Second, the peaks in all bands were collected to make a pan-band peak catalog. Peaks in different bands but sufficiently close in position were merged here. The flags merge_peak_g, merge_peak_r, etc. will tell you what bands a peak came from. A peak may come from two or more bands, in which case it was a merged peak.
Third, each band was measured with the use of the pan-band peak catalog. Though peak positions as initial values were common to all bands, measurements (deblend, centroid, flux, shape,…) were done independently of the other bands. Deblending did not create new children: the process only determined distribution of photon flux to existing peaks.

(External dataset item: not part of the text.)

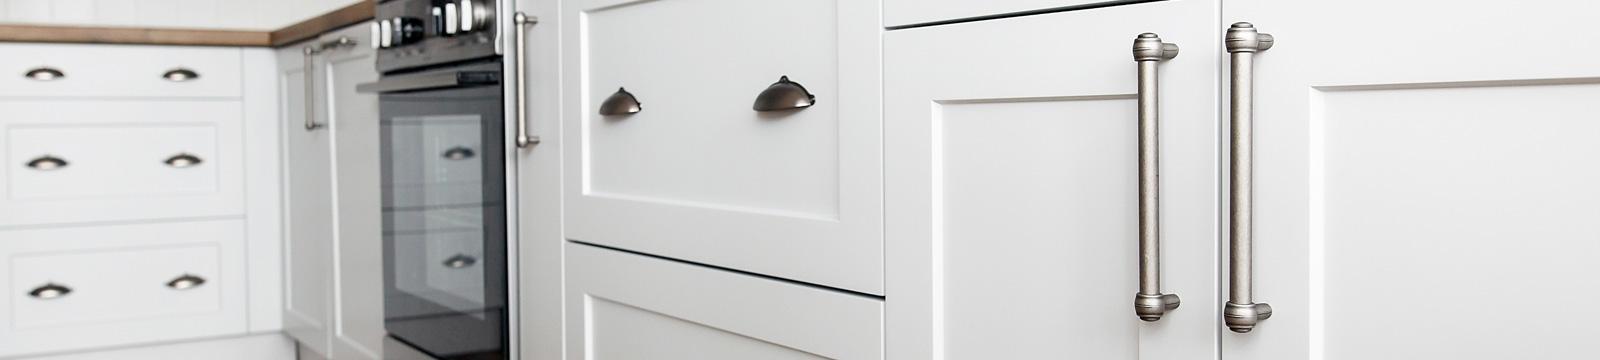 cabinet handles and accessories

Independent measurements that we call here are this third stage of the measurement process. The outcome from the third stage are stored in meas table.
Forced photometry
The contents in forced table resulted from forced photometry. Let us explain its difference from independent measurements.
After the three stages above, the measurement proces still went on.
Fourth, the catalogs from the third stage were collected to make a reference catalog with which to perform forced photometry. This merge was different from the second stage in nature: for each object, the process chose the first record that had sufficient flux S/N, among the bands from which the peak had actually come from, in the order of a pre-defined priority. The reference catalog resulted from this procedure. The flags merge_measurement_g, merge_measurement_r, etc. will tell you what band a reference record came from.
Fifth, forced photometry was performed on each band with the reference catalog. In this stage, some parameters (centroid and ellipticities) in flux measurements were not free but fixed as the reference. Note centroids and shapes were actually re-measured, but these new values were not used in flux measurements.
The outcome from the fifth stage are stored in forced table.